There are many ways to integrate AI, but for this article, I’ll group AI agents, copilots, and workflows under a common umbrella, LLM calls. At the core, they all involve sending prompts and receiving results from an LLM service.
If you break this down, it’s fundamentally about coordinating two independent processes your application and the model backend. That’s where concurrency comes in.
What Is Concurrency?
Most developers are familiar with parallelism running multiple tasks simultaneously across different CPU cores. But concurrency is a bit different, it’s about orchestrating independently executing processes, regardless of whether they actually run at the same time.
And that’s what Go excels at.
Go provides a native, efficient, and expressive set of language features for concurrency. These aren’t frameworks or add-ons they’re built into the language. That makes Go ideal for building AI-integrated systems that require clean, manageable concurrency.
Sure, other languages like JavaScript, Python, or C# offer concurrency constructs too, but in my experience, they often come with added complexity, performance costs, and harder-to-read code.
Where’s the Concurrency in an AI Call?
Every LLM call is a coordination task your application makes a request, and then waits for the result. That interaction is inherently concurrent.
Here are few concurrency design patterns I’ve found especially useful in AI workflows.
Timeout Pattern
This is one of the most common needs, make an AI call, and either get a response or fail gracefully if it takes too long.
ctx, cancel := context.WithTimeout(context.Background(), 2*time.Second)
defer cancel()
resultCh := make(chan string, 1)
go func() {
result := callLLM()
resultCh <- result
}()
select {
case res := <-resultCh:
fmt.Println("AI response:", res)
case <-ctx.Done():
fmt.Println("Timeout!")
}
This can be done in other languages too, but when you start looping, retrying, or layering logic, Go keeps things readable.
Fan-In Pattern
What if you want to query multiple LLMs in parallel and respond to the first one that replies?

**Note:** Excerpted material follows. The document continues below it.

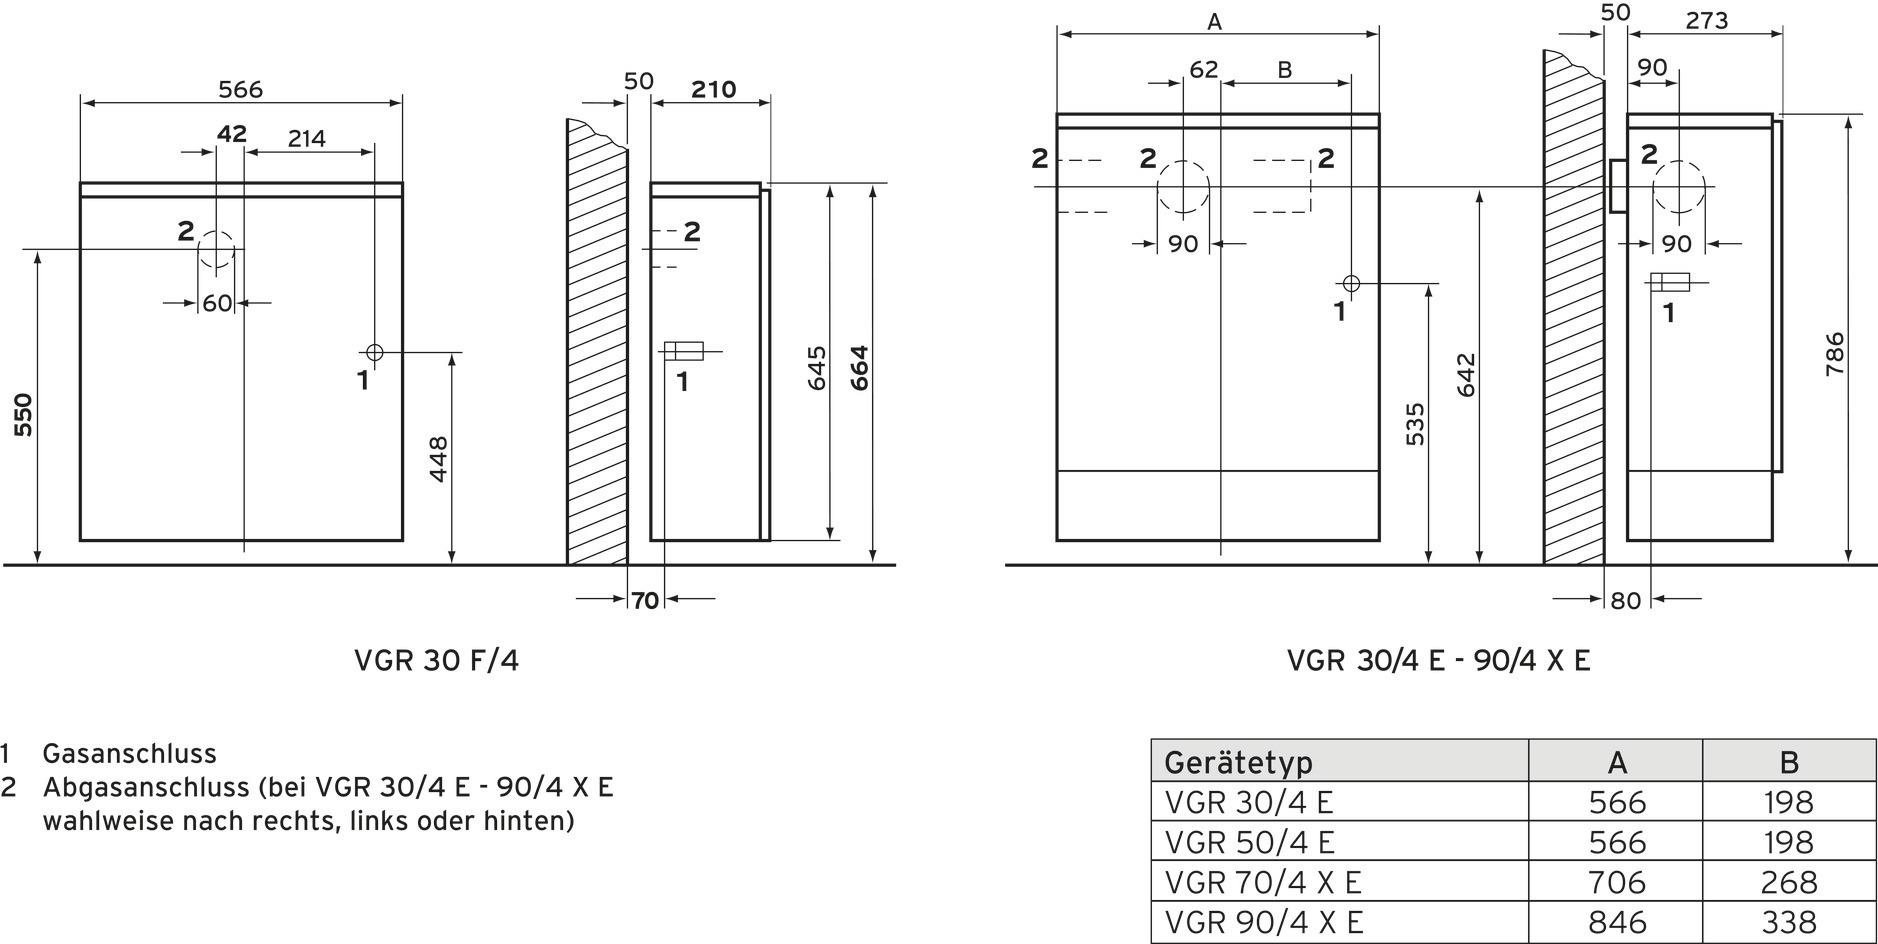 Vaillant Gas-Raumheizautom.VGR 30 F/4 XE für Schornsteinanschluss, cremeweiß/grau

Many languages offer some form of race
function (like Promise.race() in JavaScript), but if you want to collect and process all responses as they arrive, things get more complicated.
In Go, this is clean and elegant:
responses := make(chan string)
for _, model := range models {
go func(m string) {
res := queryModel(m)
responses <- res
}(model)
}
for i := 0; i < len(models); i++ {
fmt.Println(<-responses)
}
This pattern is great when you want to stream results in and process them as they come, without blocking the rest of the system.
Restore Sequencing
Let’s say you’re building an AI agent that might trigger one, two, or ten LLM calls and you won’t know how many until runtime. You want to keep the caller process running while tracking completion.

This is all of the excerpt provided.